DATASET EXCERPT
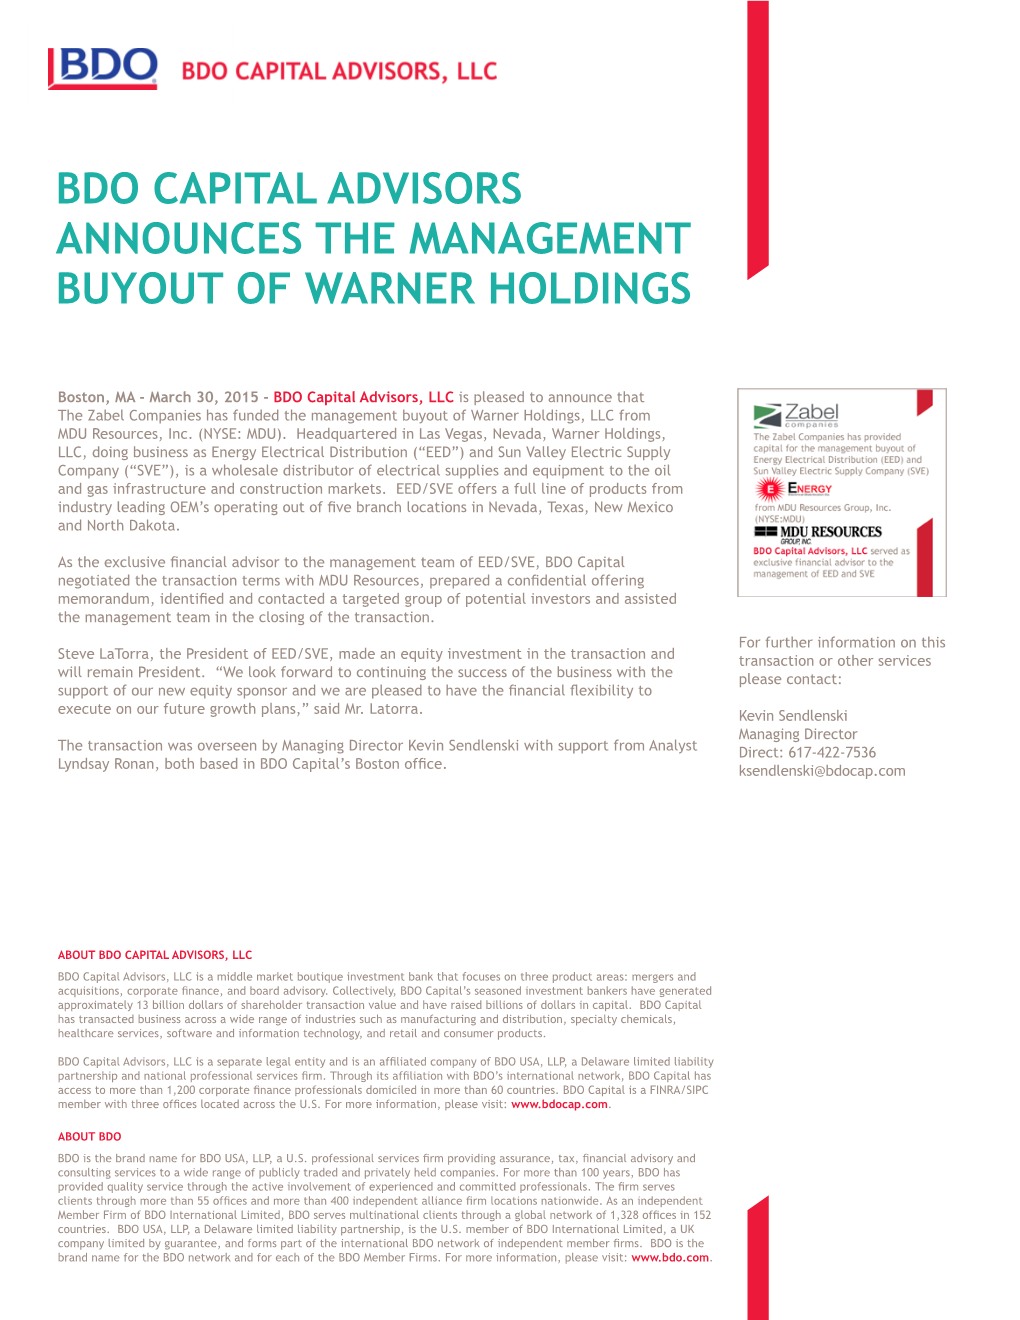 Bdo Capital Advisors Announces the Management Buyout of Warner Holdings
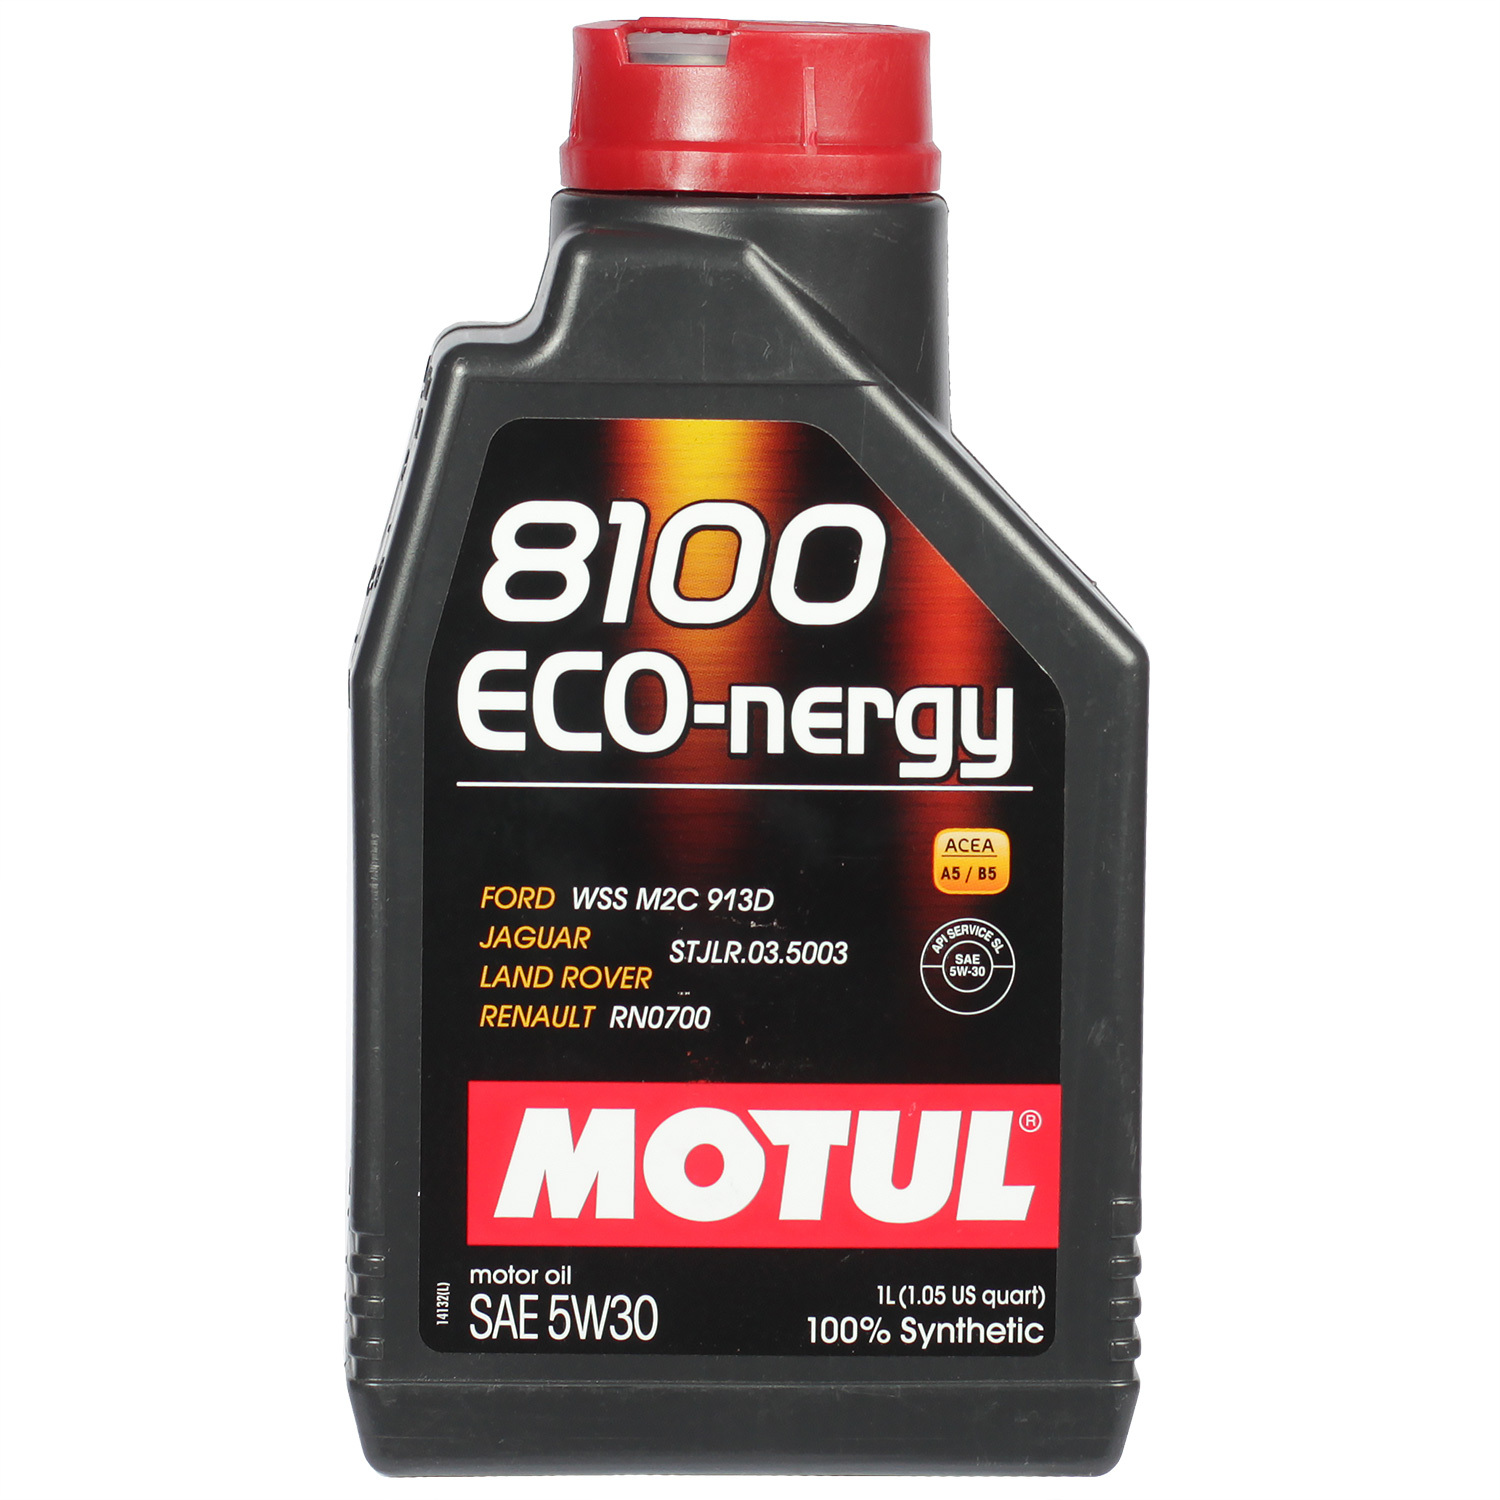 Motul Моторное масло Motul 8100 Eco-nergy 5W-30, 1 л масло моторное motul 8100 eco nergy 0w 30 синтетическое 208 л
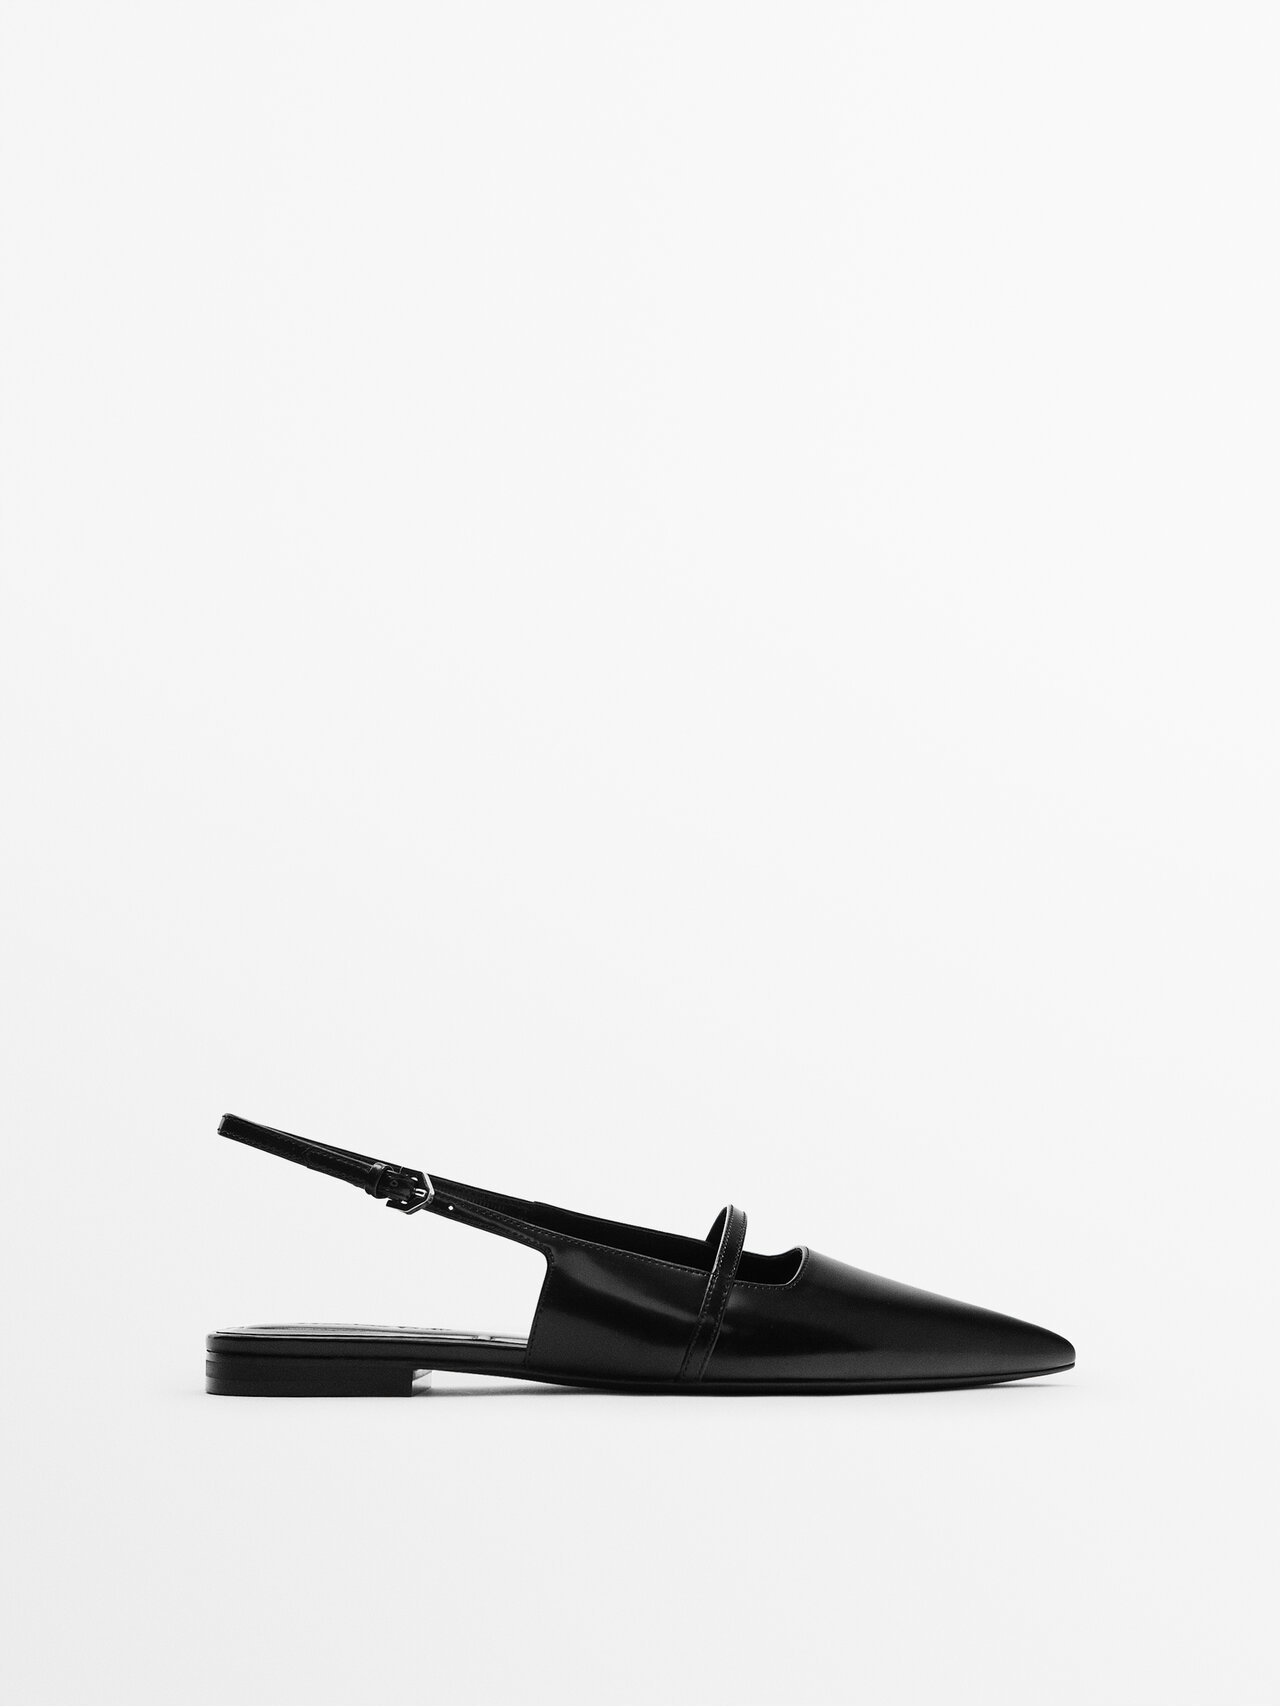 Massimo Dutti Flat Leather Slingback Shoes In Black | ModeSens

EXERCISE
Transcribe the listing above in full. Pictures are not part of the copy.

EXERCISE ANSWER
 Bdo Capital Advisors Announces the Management Buyout of Warner Holdings
 Motul Моторное масло Motul 8100 Eco-nergy 5W-30, 1 л масло моторное motul 8100 eco nergy 0w 30 синтетическое 208 л
 Massimo Dutti Flat Leather Slingback Shoes In Black | ModeSens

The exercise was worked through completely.